Somewhere between 6,000 to 14,000 children were exposed to drinking water contaminated with high levels of lead. Children are particularly susceptible to the long-term effects of lead poisoning, so we will likely not know the true impact of this incident until several years from now. Dr. Hanna, who is currently the Associate Dean for Public Health and and C. S. Mott Endowed Professor of Public Health at Michigan State University College of Human Medicine was named one of Time magazine’s 100 Most Influential People in the World and recognized as one of USA Today’s Women of the Century for her role in uncovering the Flint water crisis and leading recovery efforts. She stated, "Investment in our children's future, and in their health, is not just an economic necessity, but it is the bedrock of public health and a just society."
After nearly $400 million in both state and federal spending, the city of Flint has finally secured a clean water source and laid modern, safe, copper-based pipes to nearly every home in the city. The late Reverend Allen C. Overton of Concerned Pastors for Social Action, one of the plaintiffs in the subsequent federal lawsuit said, "Thanks to the persistence of the people of Flint and our partners, we are finally at the end of the lead pipe replacement project.
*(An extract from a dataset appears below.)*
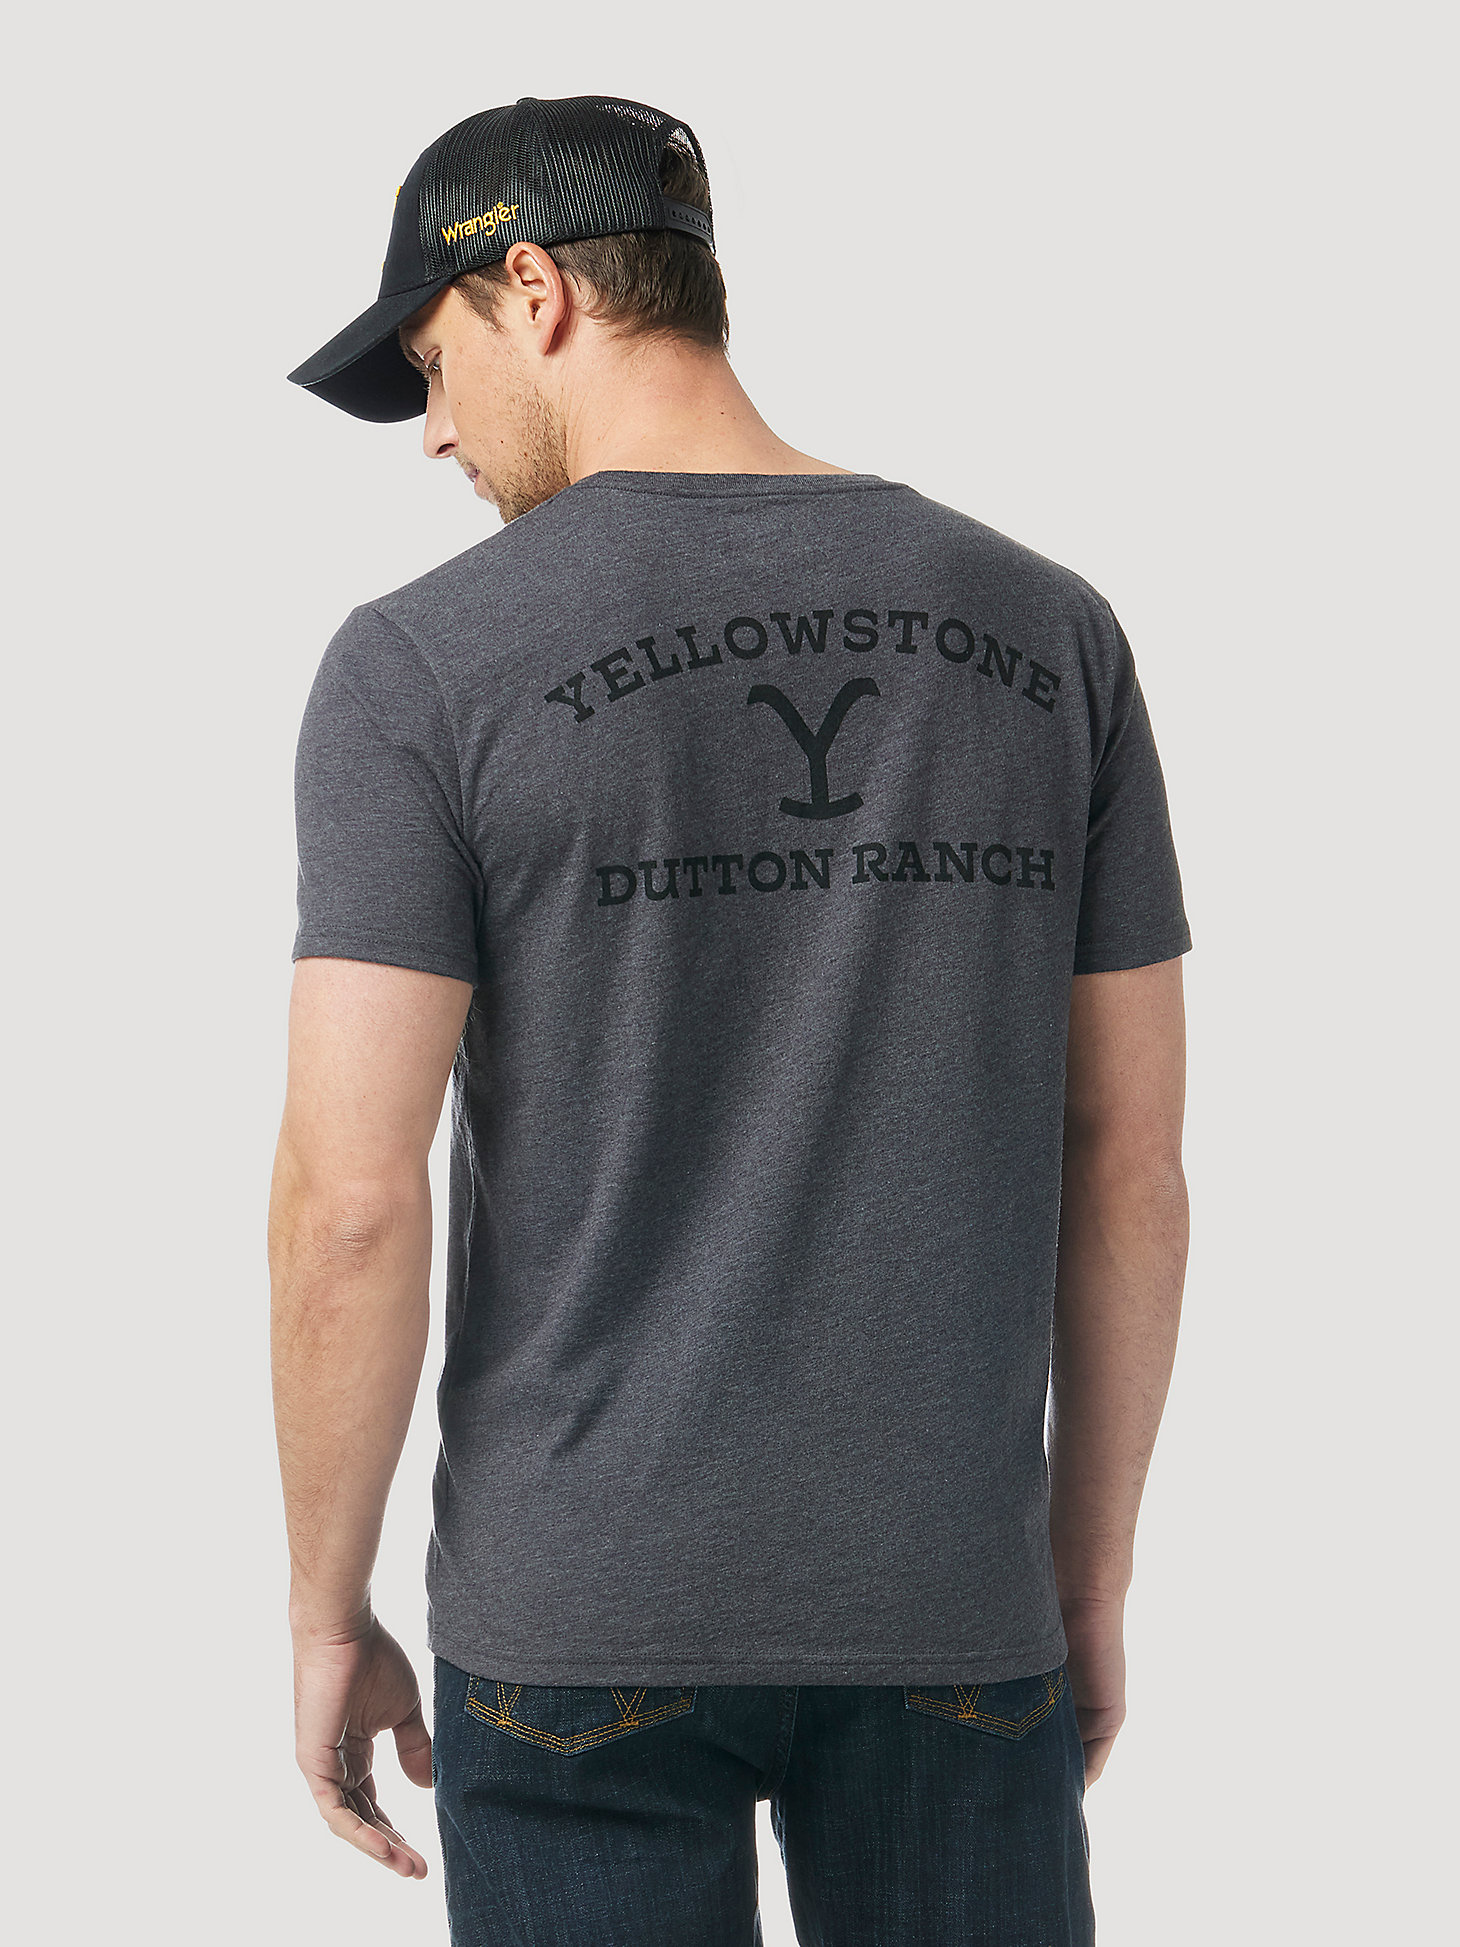 Wrangler x Yellowstone Men's Y Logo T-Shirt in Charcoal Heather alternative view 1
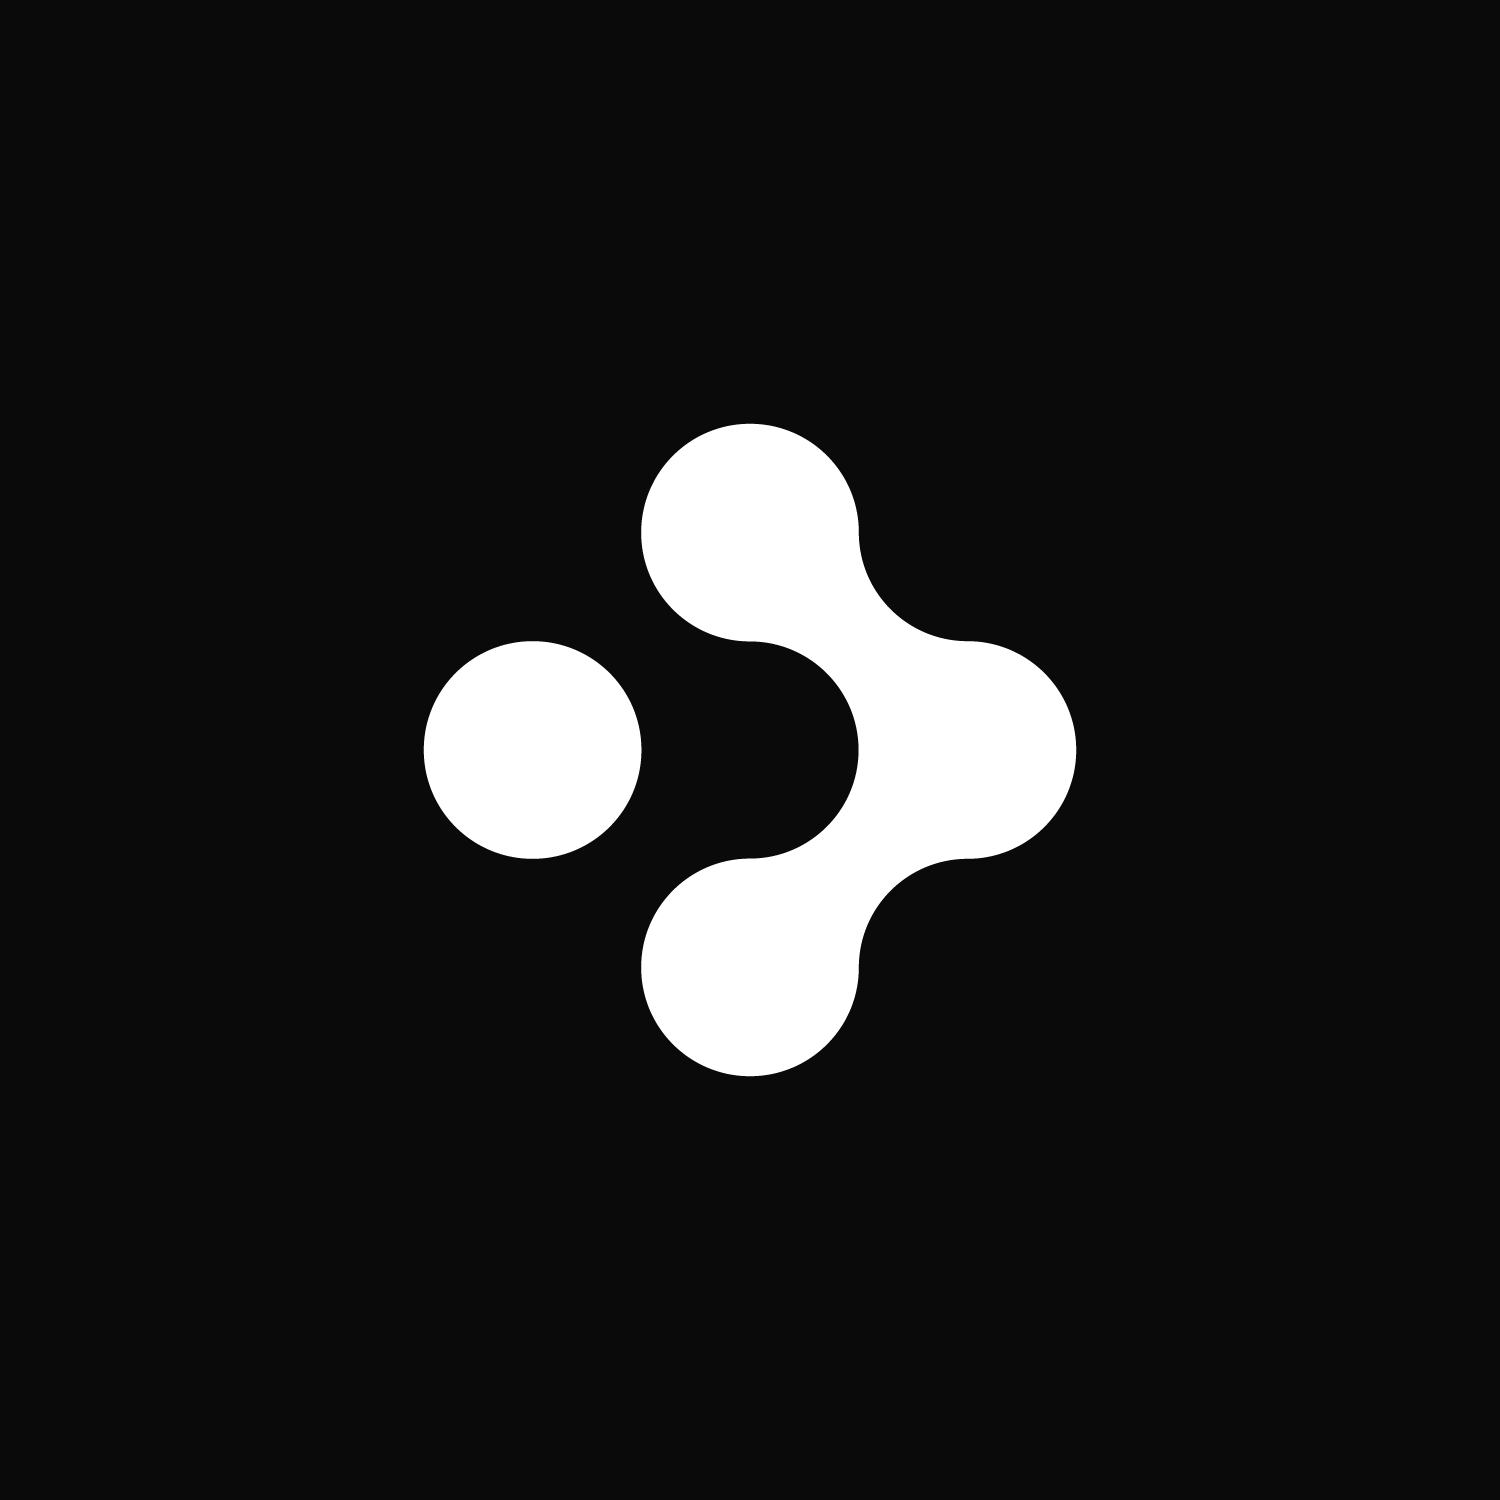 White Bolt symbol on a black background

While this milestone is not all the justice our community deserves, it is a huge achievement."
For me, the story of the Flint water crisis perfectly illustrates the critical linkage between public health and medicine. As the health economists David Cutler and Grant Miller suggested in an article published in the journal Demography in 2005 ("The role of public health improvements in health advances: The twentieth century United States"), "clean water was responsible for nearly half the total mortality reduction in major cities" during the late 19th and early 20th century. Similarly, Marcella Alsan and Claudia Goldin published an article in the Journal of Political Economy in 2019 ("Watersheds in child mortality: The role of effective water and sewerage infrastructure, 1880-1920") and concluded that one-third of the decline in child mortality from 1880 to 1920 was directly related to investments in clean, safe water. As I have stated many times in the past, health delivery is not just about health care. The so-called social determinants of health account for anywhere between 30-50% of reported health outcomes, particularly mortality. As these studies - and the Flint water crisis - prove yet again, you can't drive improvements in health by focusing only on health care.